● **DIRECTIONS**:
Retype each entry exactly. Skip any pictures.

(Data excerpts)
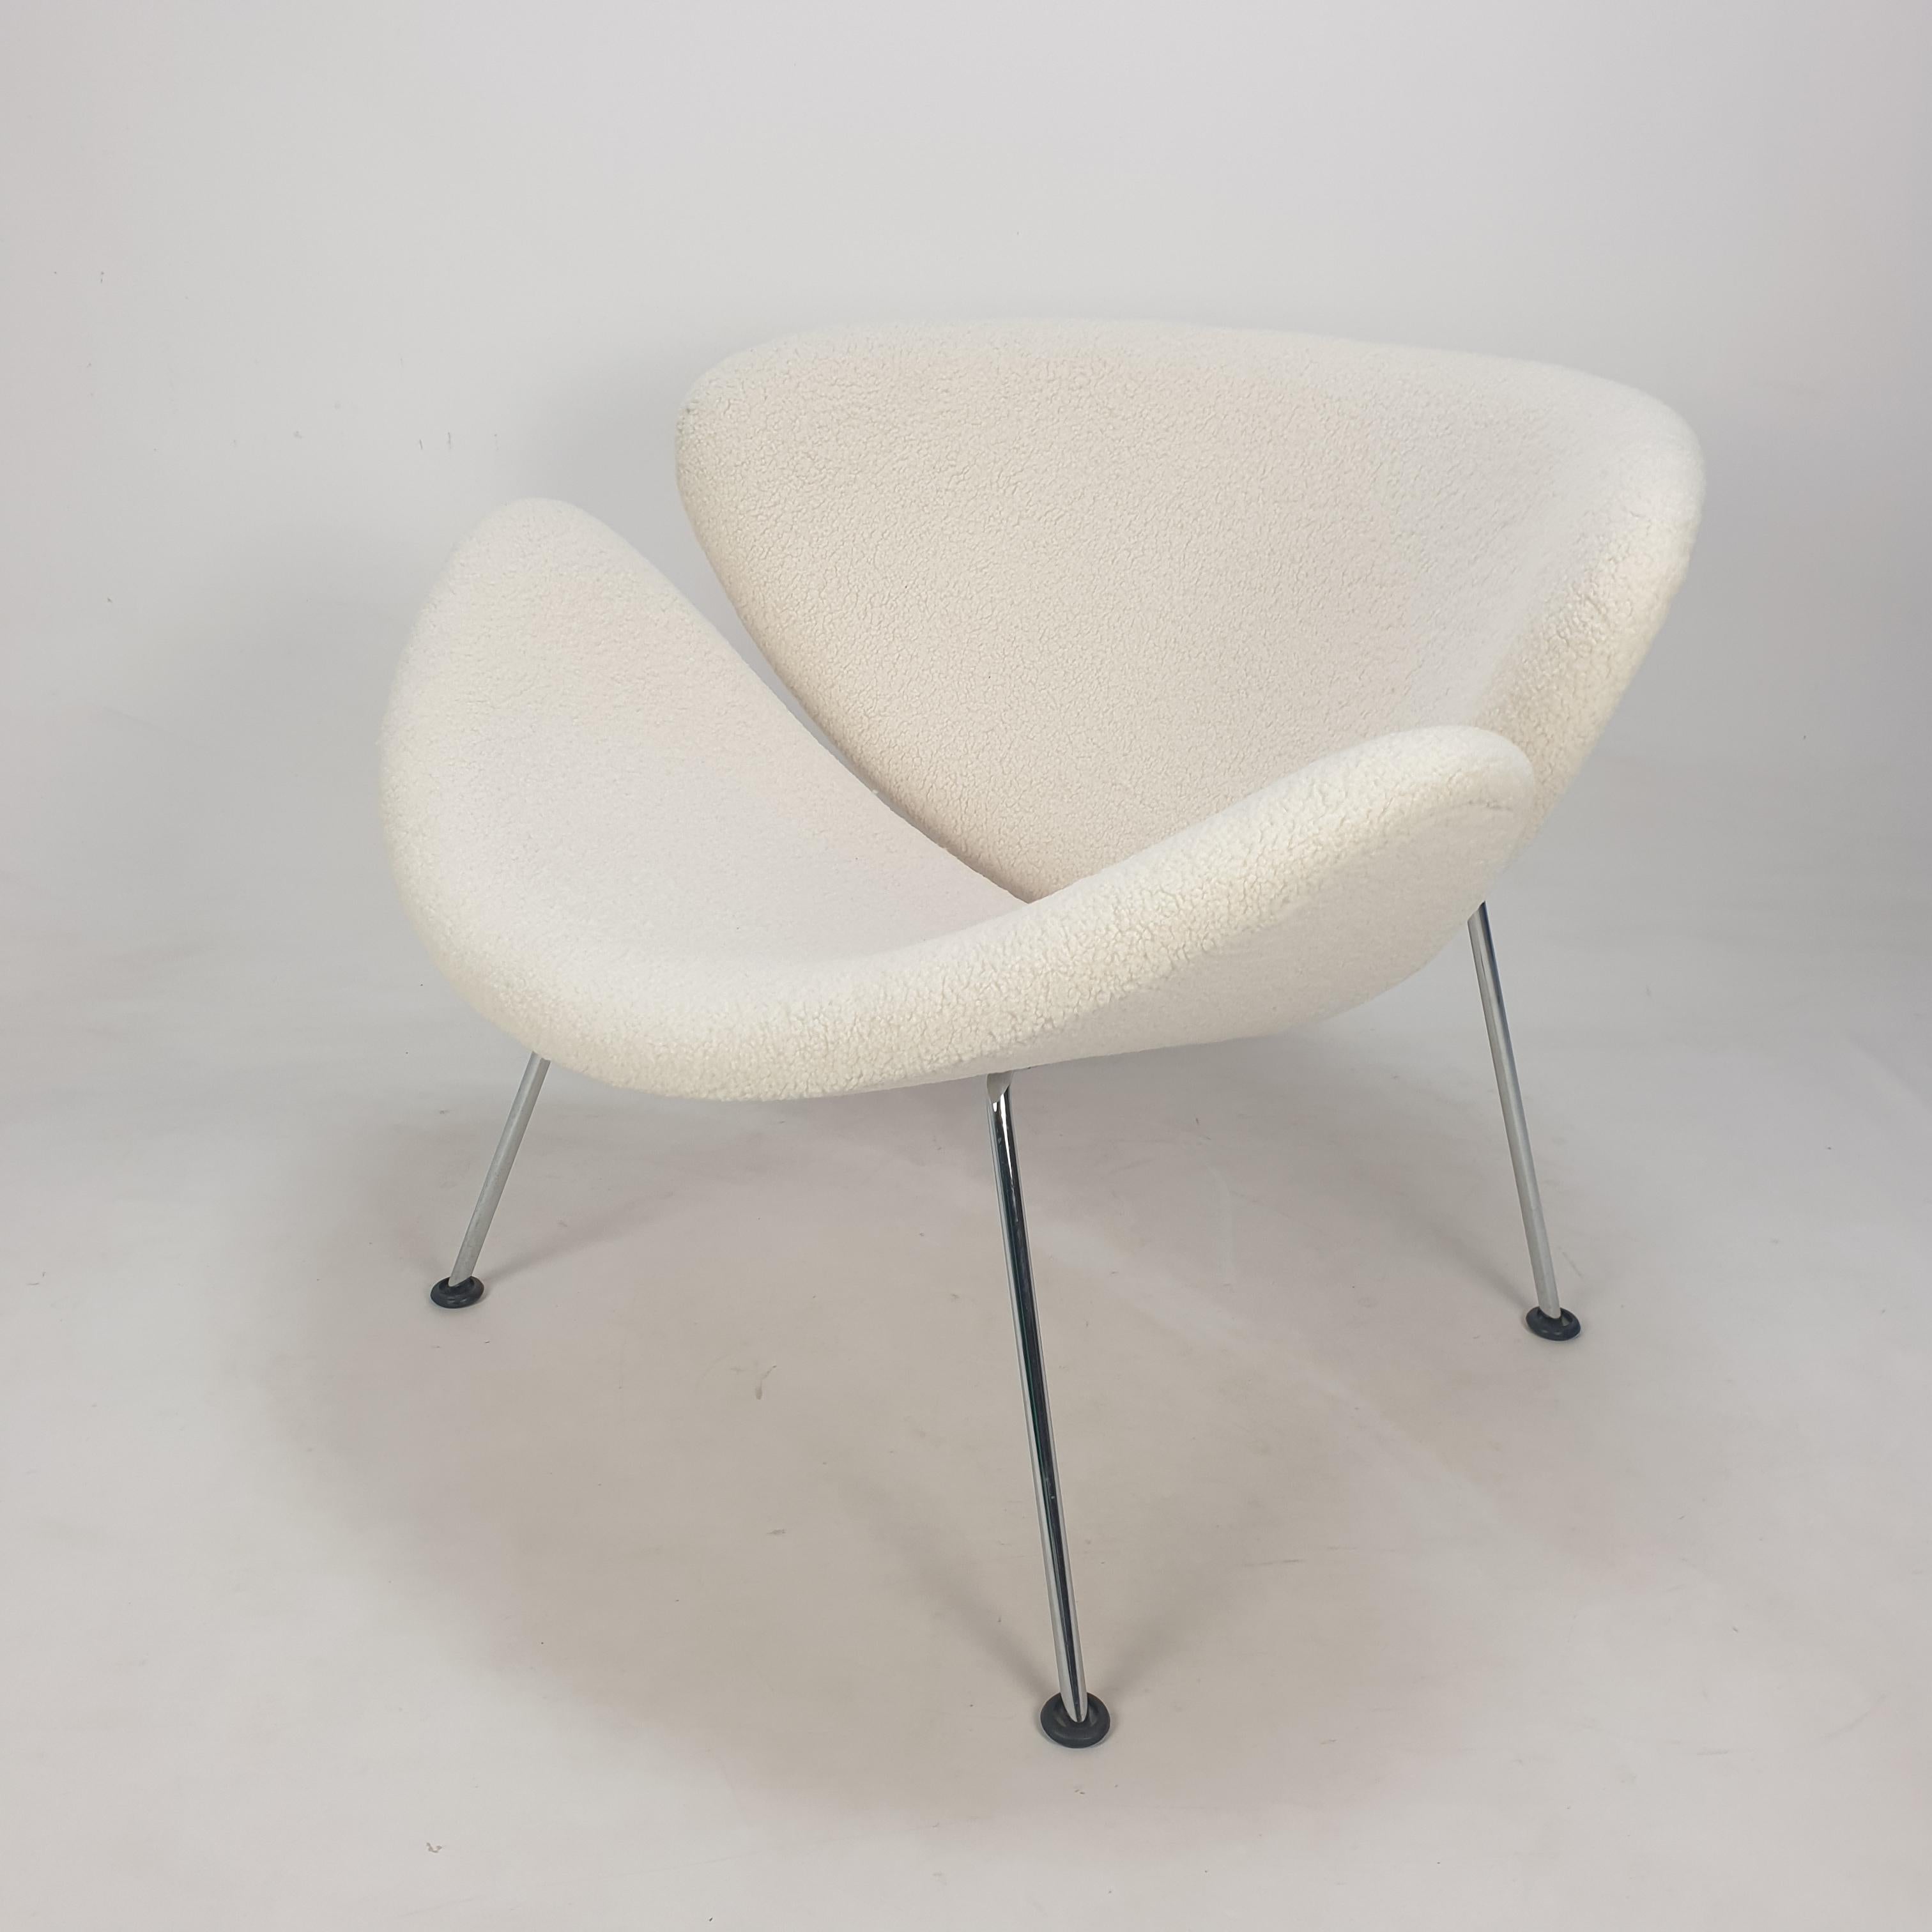 La célèbre chaise à tranches d'orange Artifort de Pierre Paulin. 
Conçue dans les années 60 et produite dans les années 80. 

Chaise mignonne et très confortable. 
Les pieds sont en métal chromé. 

La chaise a une nouvelle mousse et vient

● **OUTPUT FOR THIS EXERCISE**:
 La célèbre chaise à tranches d'orange Artifort de Pierre Paulin. 
Conçue dans les années 60 et produite dans les années 80. 

Chaise mignonne et très confortable. 
Les pieds sont en métal chromé. 

La chaise a une nouvelle mousse et vient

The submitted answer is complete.